▸ What you are asked to do:
Word-for-word transcription: reproduce all of the data, but not the pictures.
Data section START
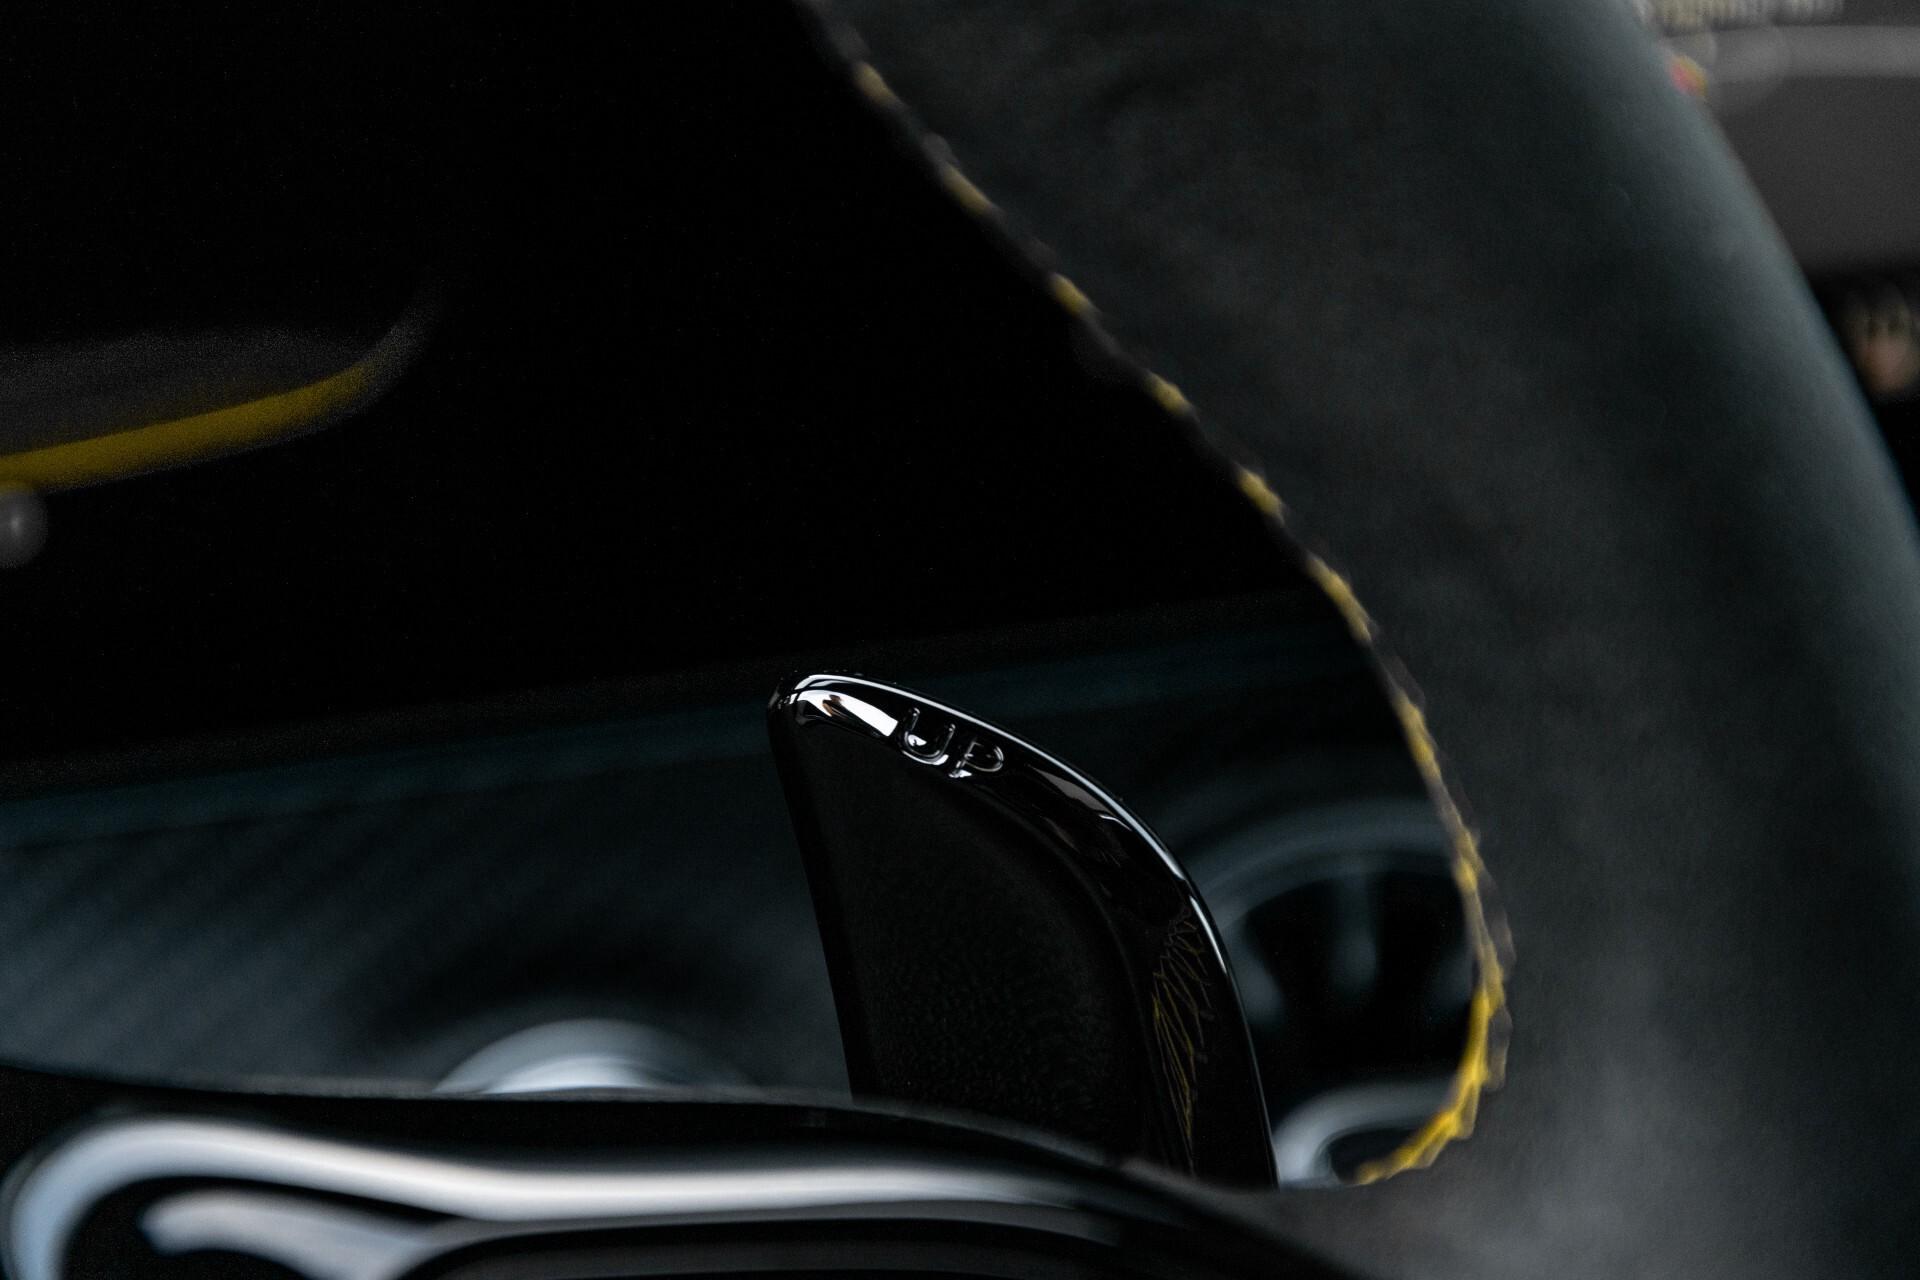 Mercedes-Benz AMG GT 4-Door Coupe 63 S 4MATIC+ Edition 1 Keramisch/Carbon/First Class/Dynamic Plus/Burmester High End 3D Aut9 Foto 15
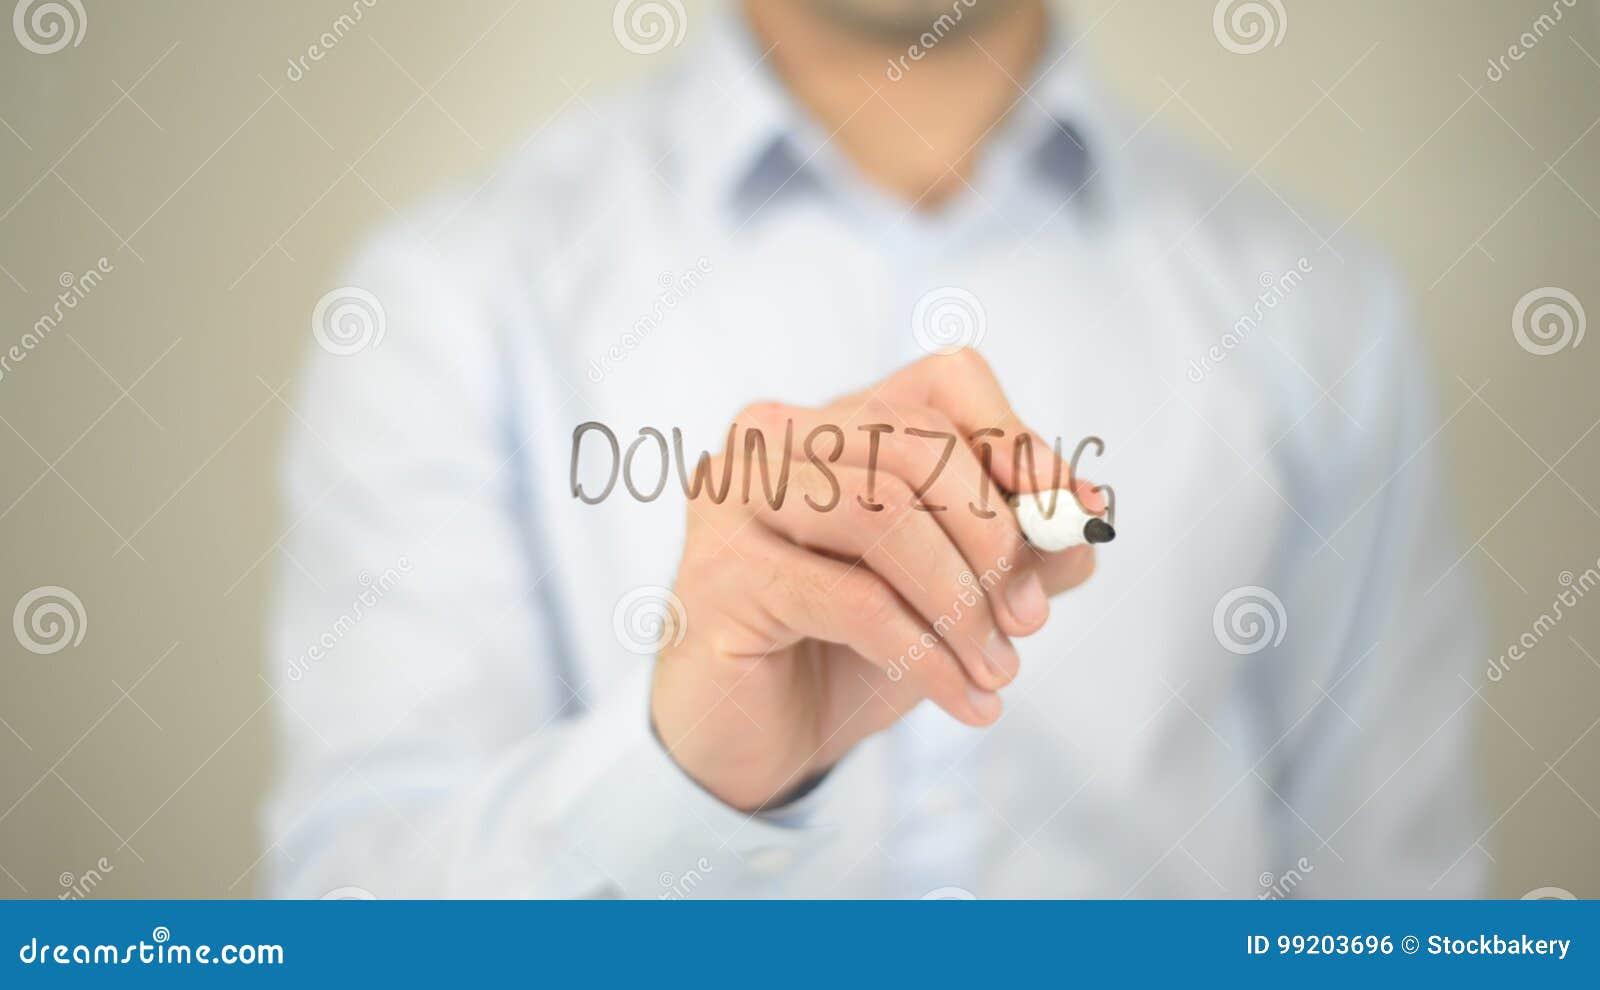 Downsizing , man writing on transparent screen
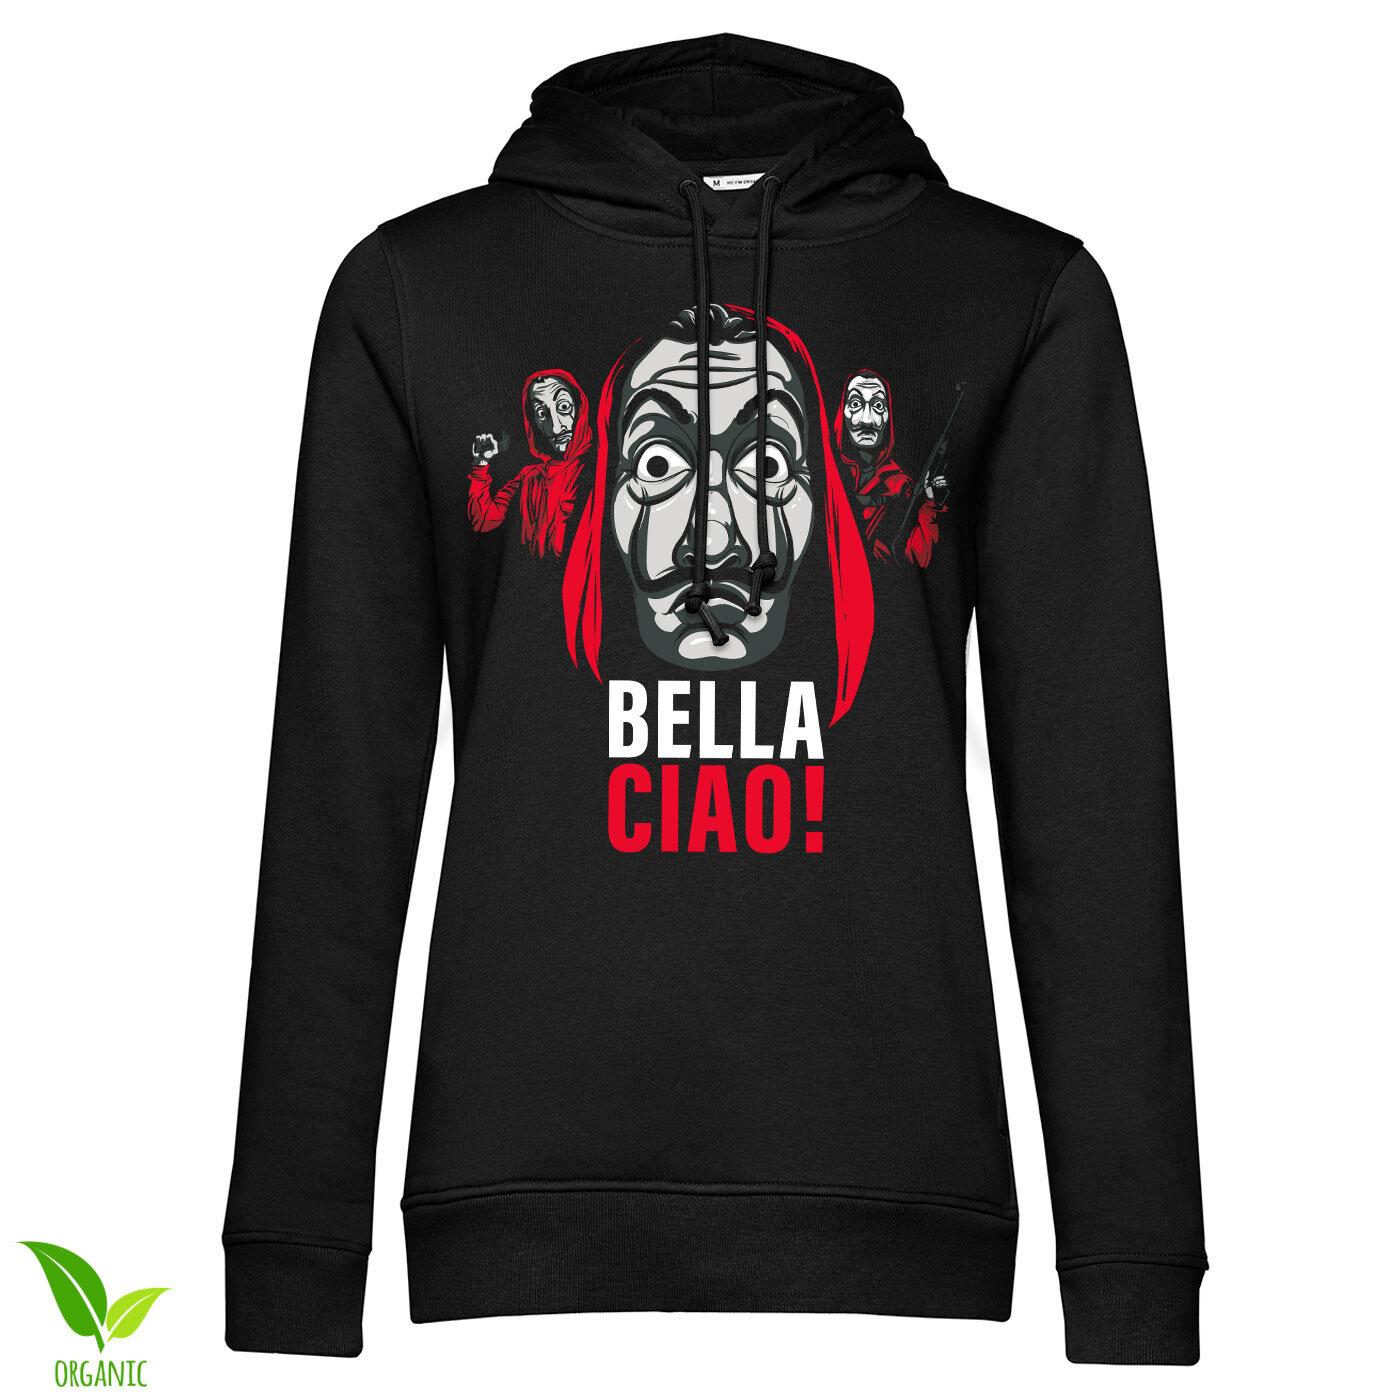 La Casa De Papel - Bella Ciao! Girls Hoodie
Data section END
▸ Result of this task:
 Mercedes-Benz AMG GT 4-Door Coupe 63 S 4MATIC+ Edition 1 Keramisch/Carbon/First Class/Dynamic Plus/Burmester High End 3D Aut9 Foto 15
 Downsizing , man writing on transparent screen
 La Casa De Papel - Bella Ciao! Girls Hoodie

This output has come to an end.